# Departing Speech??



## Jax67 (Jan 17, 2013)

H is leaving tomorrow to live on his own. Apparently there is no way according to him that he will live with O/W as he needs to sort his head out and his depression. (She is still living with BF).

I am leaving the house for a long weekend away at 4.15am tomorrow morning, he doesn’t know this.

Can you give me some idea what I can say to him before I go to bed this evening? 

Should I say “I won’t be here when you wake in the morning, so all the best?”


----------



## Jasel (Jan 8, 2013)

Why do you feel the need to say anything?


----------



## SomedayDig (Jul 17, 2012)

"Goodnight"?

As Jasel said, why say anything to him? He's "sorting his head out" (weak) and galloping off into his own sunset. I wouldn't say a f'ng thing.


----------



## Jax67 (Jan 17, 2013)

Should I just leave and say nothing? If he hears me going out the door and asks where I am off too what should I say.

He isn't even telling me the address of where he is moving too.

I so confused! 11 years together.


----------



## karole (Jun 30, 2010)

If he asks, tell him it's none of his business.


----------



## chillymorn (Aug 11, 2010)

Jax67 said:


> Should I just leave and say nothing? If he hears me going out the door and asks where I am off too what should I say.
> 
> He isn't even telling me the address of where he is moving too.
> 
> I so confused! 11 years together.


none of your business! then smile and go.

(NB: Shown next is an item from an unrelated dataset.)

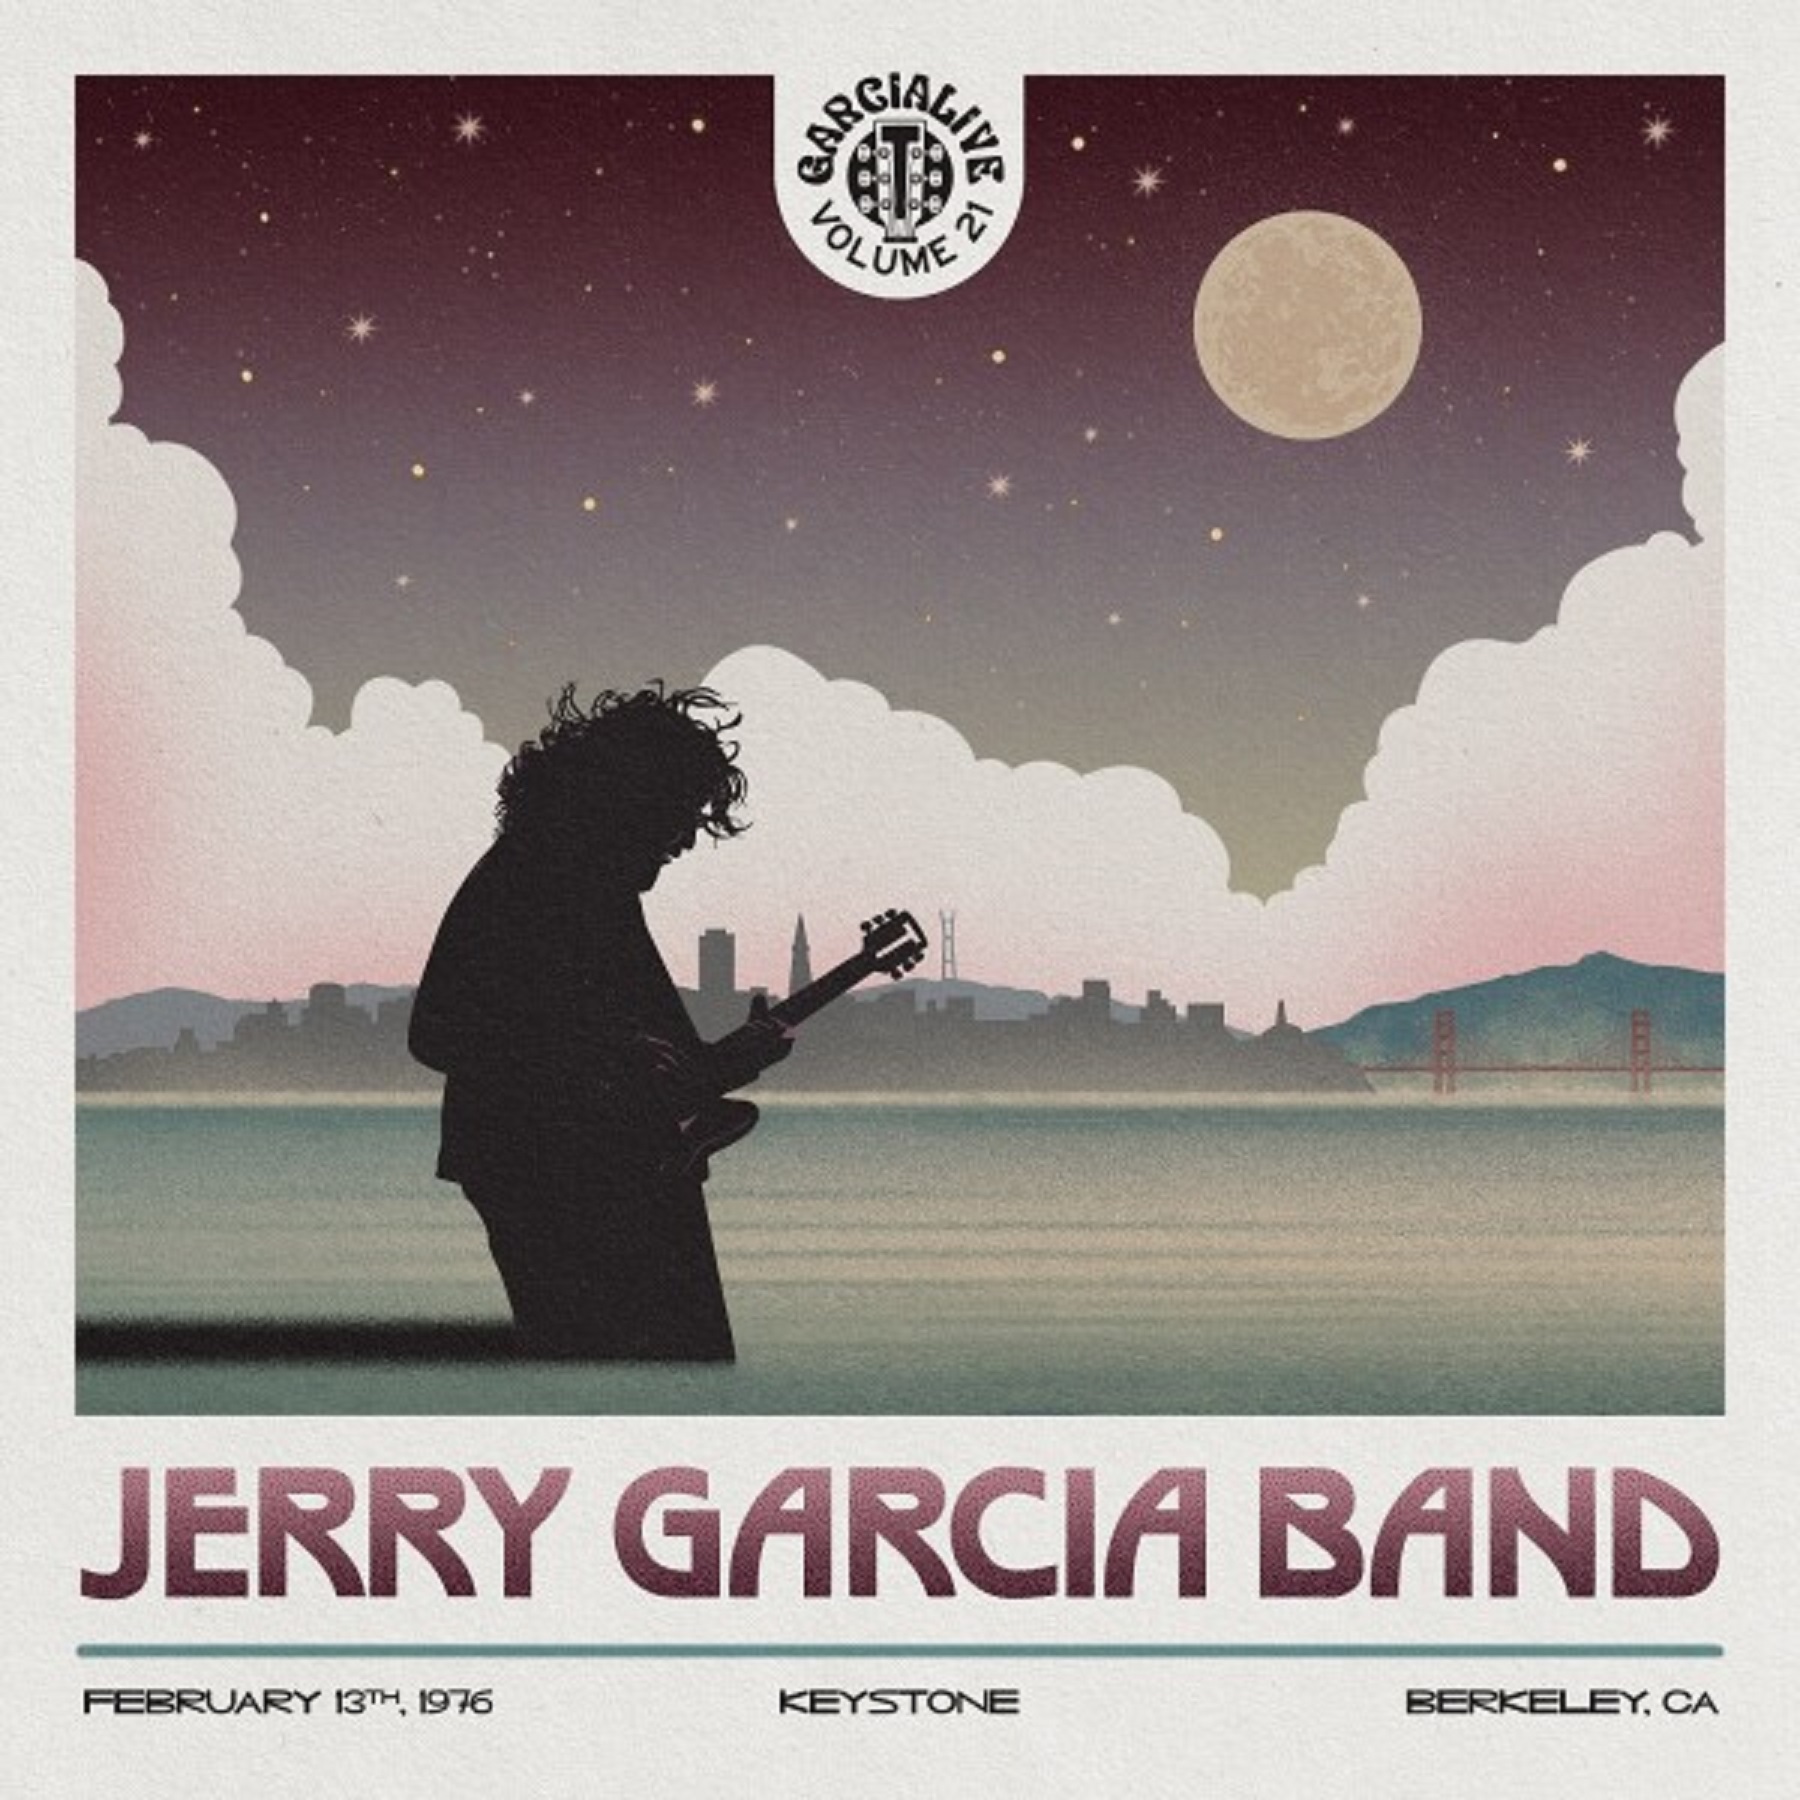 From the Vault: GarciaLive Volume 21 Features Jerry Garcia Band’s 1976 Keystone Concert

make sure you leave your underware drawer open with all the good ones missing.


----------



## Jasel (Jan 8, 2013)

> Should I just leave and say nothing?


Exactly.



> If he hears me going out the door and asks where I am off too what should I say.

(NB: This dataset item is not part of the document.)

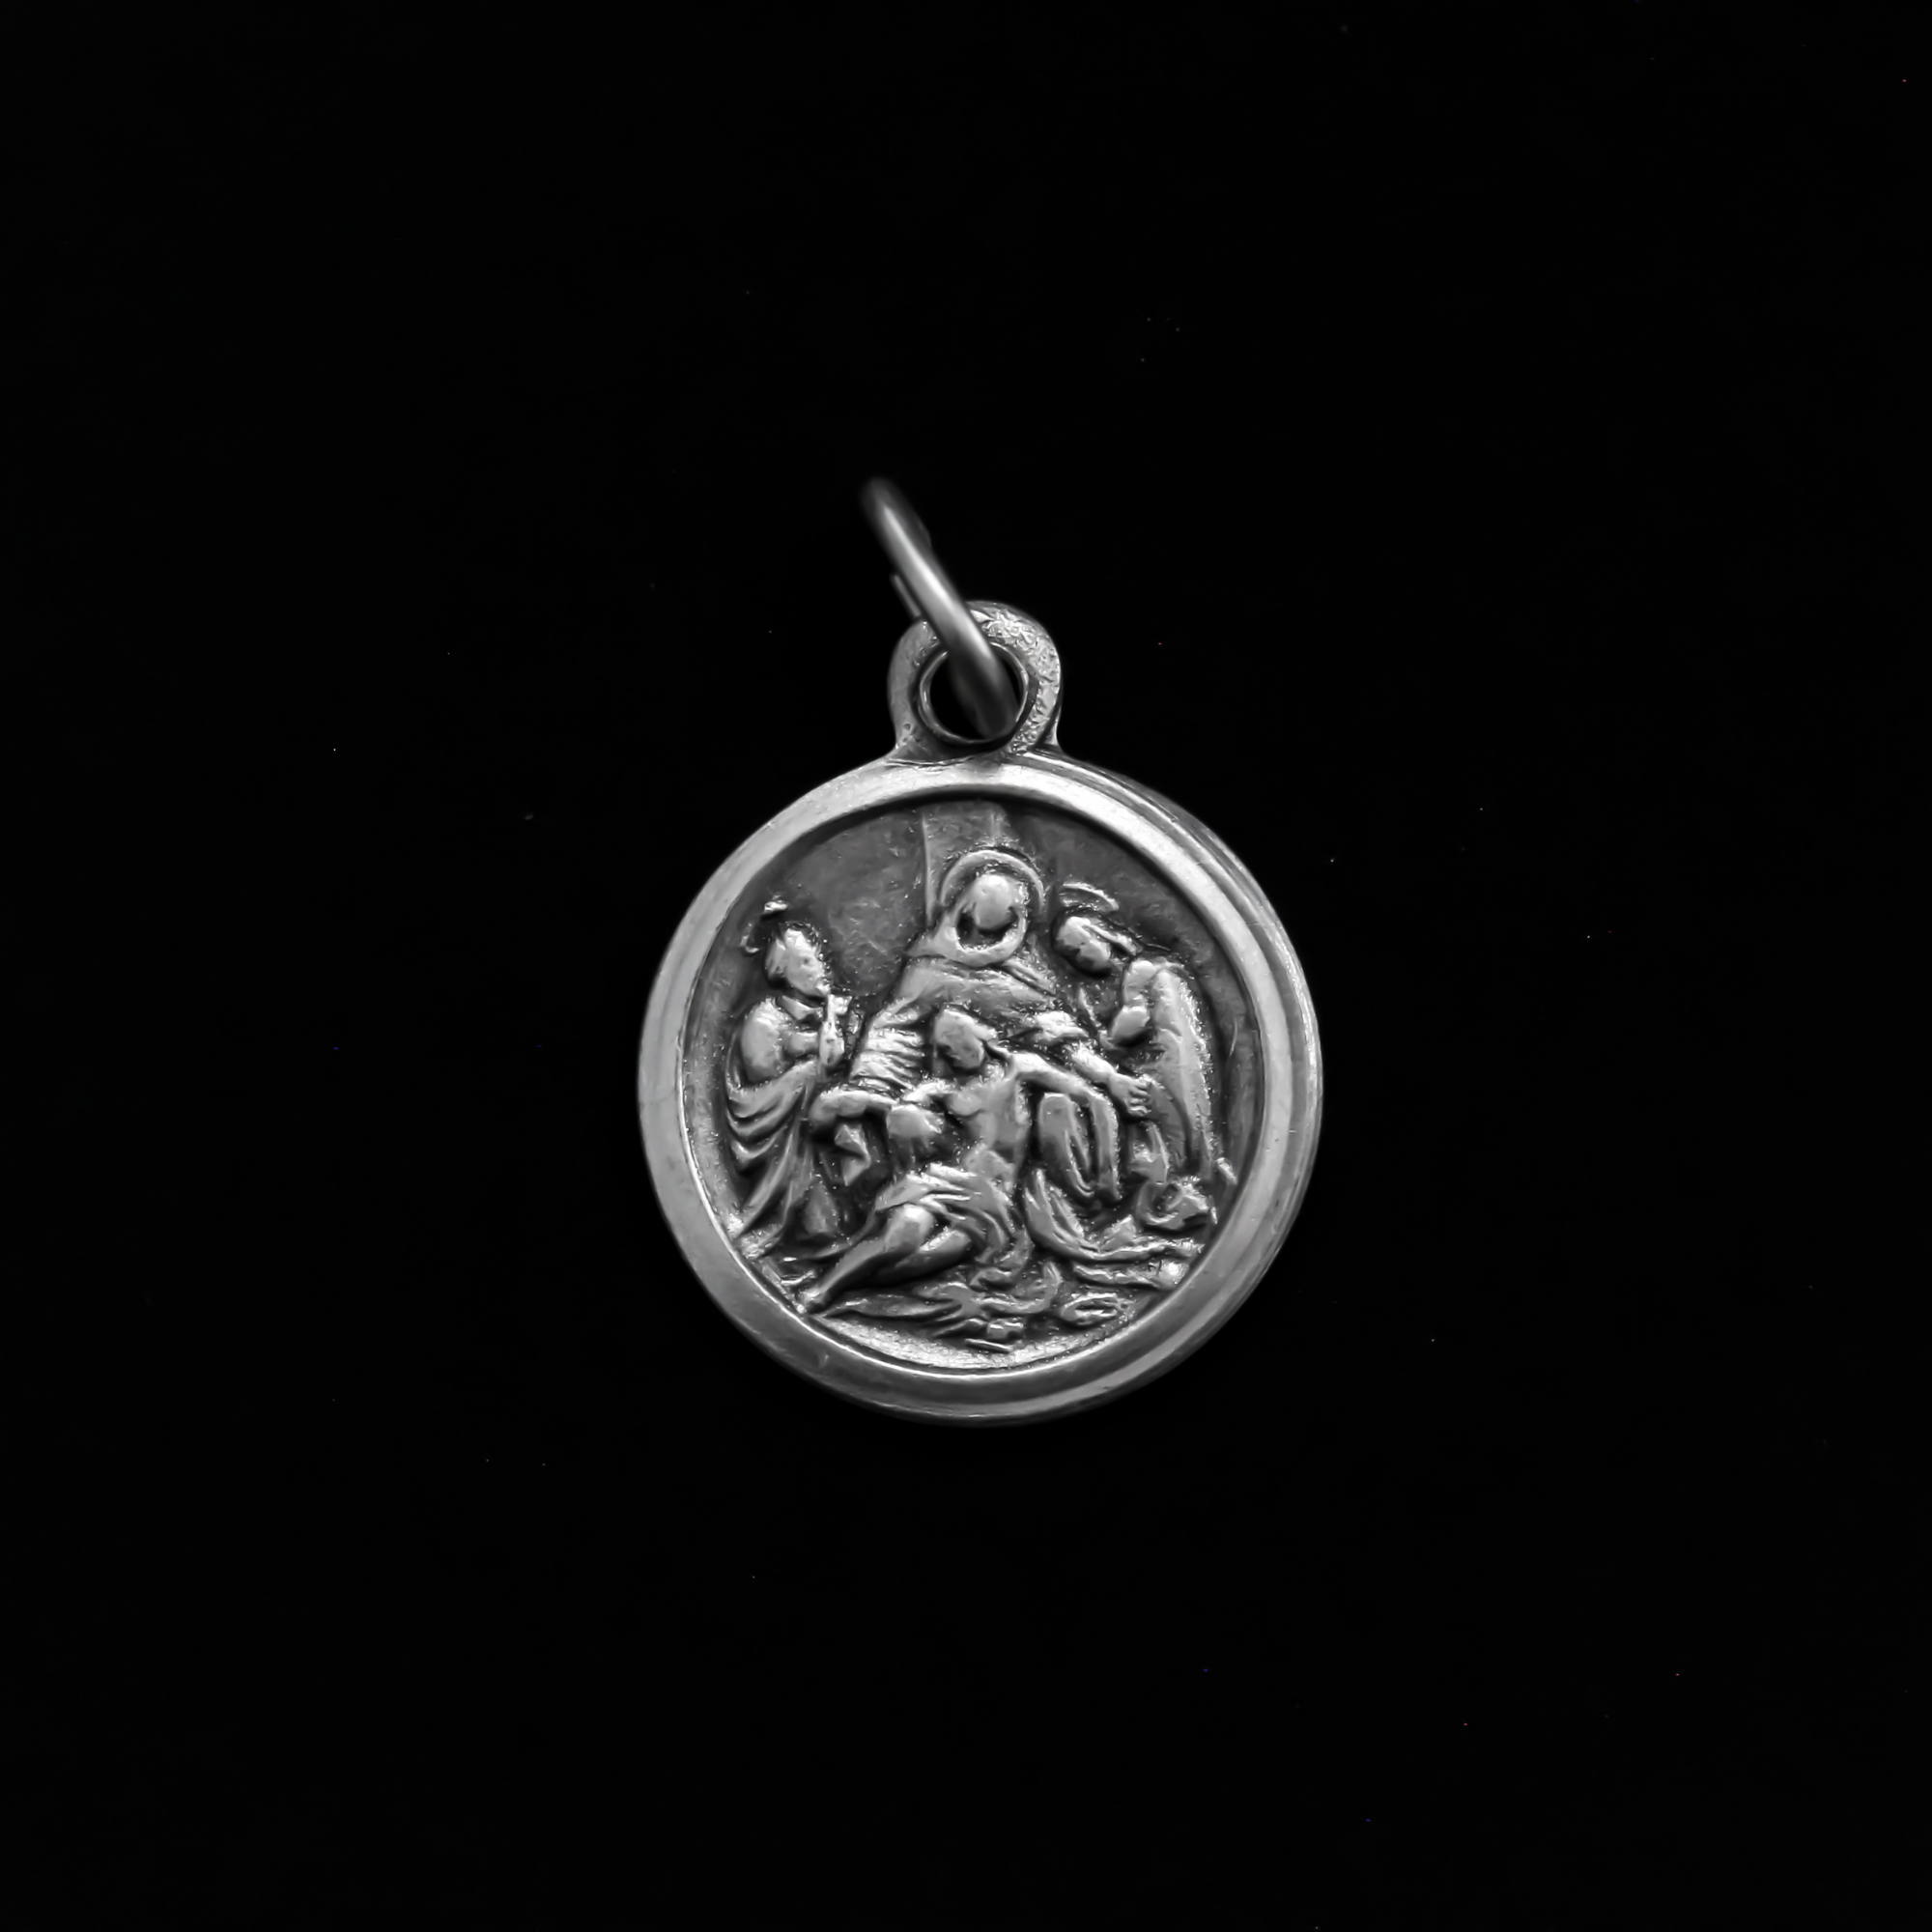 Small round Pieta medal that depicts the thirteen station of the Via Dolorosa when Jesus is taken down from the Cross and given to his Mother

Don't say anything. Or at most "Out" and leave it at that.



> He isn't even telling me the address of where he is moving too.


Which goes back to my original question, if that's the case why do _you _feel the need to tell _him _anything?



> I so confused! 11 years together.


Sorry to hear that. But you're in good company here.


----------



## daisygirl 41 (Aug 5, 2011)

Tell him your having a fun weekend away with you GFs!!

Seriously he doesn't need or deserve an explanation. It's 180 time!
Be strong, I know it's going to be hard, I've been there. Just make sure you look fabulous and smile as your going out the door.
Good luck!
_Posted via Mobile Device_


----------



## SomedayDig (Jul 17, 2012)

Jax67 said:


> I so confused! 11 years together.


Totally understood. Remember though, it was _his_ idea that he needed to go "sort things out" or whatever. The 11 years is tough...I'm in year 13 and in reconciliation with my wife who had a five year long affair. Confused is normal! Take care of YOU right now. If he wakes up and asks where you're going, just say you're going out and he doesn't need to worry.

I'm really feeling for ya. This crap ain't easy.


----------



## Jax67 (Jan 17, 2013)

It's so hard when it finally happens, that's why I am going away. I should appear confident shouldn't I?


----------



## mahike (Aug 16, 2011)

Well try your best to feel confident. But if he asks where you are going just tell him. You are leaving without telling me where you are going so guess what I do not feel I need to tell you anything. Bye

Good Luck


----------



## badmemory (Jul 31, 2012)

When he asks you where you're going, just say - "I've got some business to take care of".


----------



## SomedayDig (Jul 17, 2012)

Jax67 said:


> It's so hard when it finally happens, that's why I am going away. *I should appear confident shouldn't I?*


Yes. As difficult as it is going to be, you need to appear confident even if you aren't. The old saying "you gotta fake it to make it" would apply here. If you truly want him to come around, you have to be willing to walk away. This is on him and you need to take care of you at this point. 

Again, I totally understand we're talking about 11 years. That's a long time. I hope all goes well for you.


----------



## Thorburn (Nov 23, 2011)

I met with a pastor the other day. He is in the same denomination as my oldest BIL and my oldest BIL has been asking me to meet with this guy and I did. Went to his church on Sunday, talked with him and then met with him the other day.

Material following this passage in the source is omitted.